See here: https://cwiki.apache.org/confluence/display/Hive/AdminManual+Configuration
Hive uses temporary folders both on the machine running the Hive client and the default HDFS instance. These folders are used to store per-query temporary/intermediate data sets and are normally cleaned up by the hive client when the query is finished. However, in cases of abnormal hive client termination, some data may be left behind. The configuration details are as follows:
Note that when writing data to a table/partition, Hive will first write to a temporary location on the target table's filesystem (using hive.exec.scratchdir as the temporary location) and then move the data to the target table. This applies in all cases - whether tables are stored in HDFS (normal case) or in file systems like S3 or even NFS.

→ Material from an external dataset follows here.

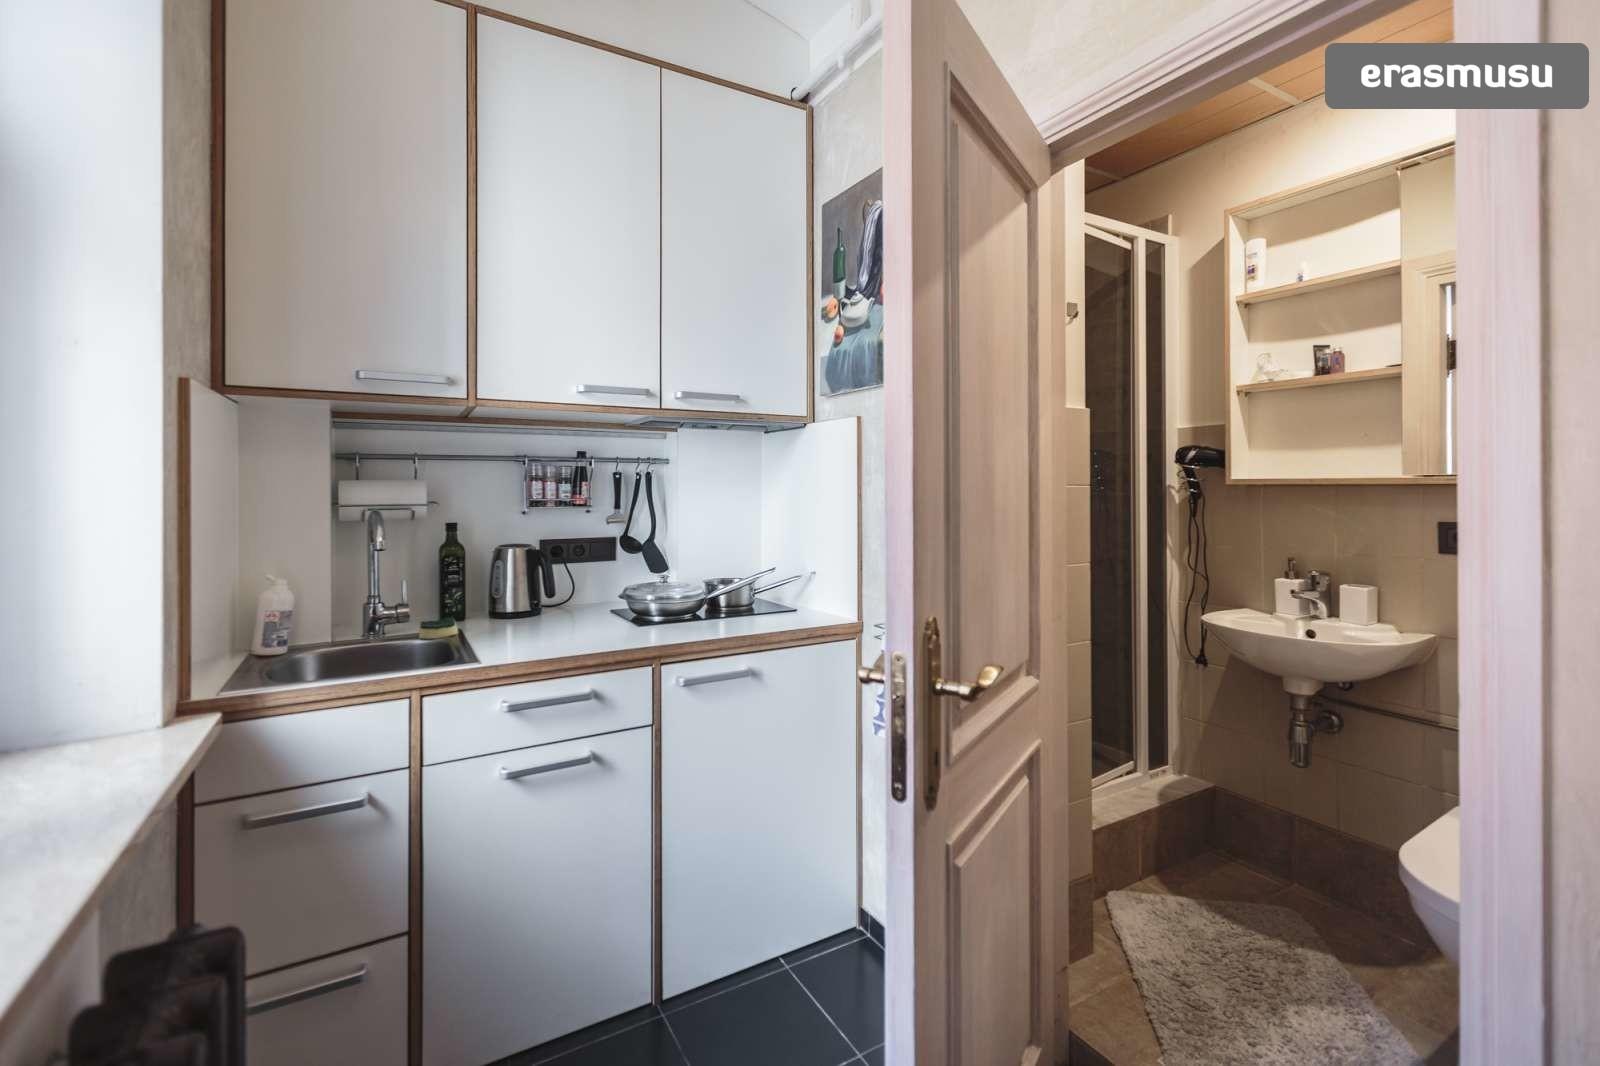 stylish-studio-apartment-rent-vecriga-ccd843882f8b4ae354da87f948

Created 08-05-2016 09:59 AM
Thanks you.i got some sense..i am trying to deleted my old files manually...can you suggest me any script which is automatically deleted old files hadoop /tmp..i know that ,script is there for linux tmp files..is there same like script for hdfs tmp files?
last thing from side is
I could not see below property in hive-site.xml in hdp 2.1.2
<property> <name>hive.exec.scratchdir</name> <value>/tmp/mydir</value> <description>Scratch space for Hive jobs</description> </property>
Created 08-05-2016 07:11 PM
I'm not aware of an existing script already in HDP to do this for you. However, I did run across this:
https://github.com/nmilford/clean-hadoop-tmp
Note, that script is written in ruby. You could follow the logic an write it in Python, Perl or Bash.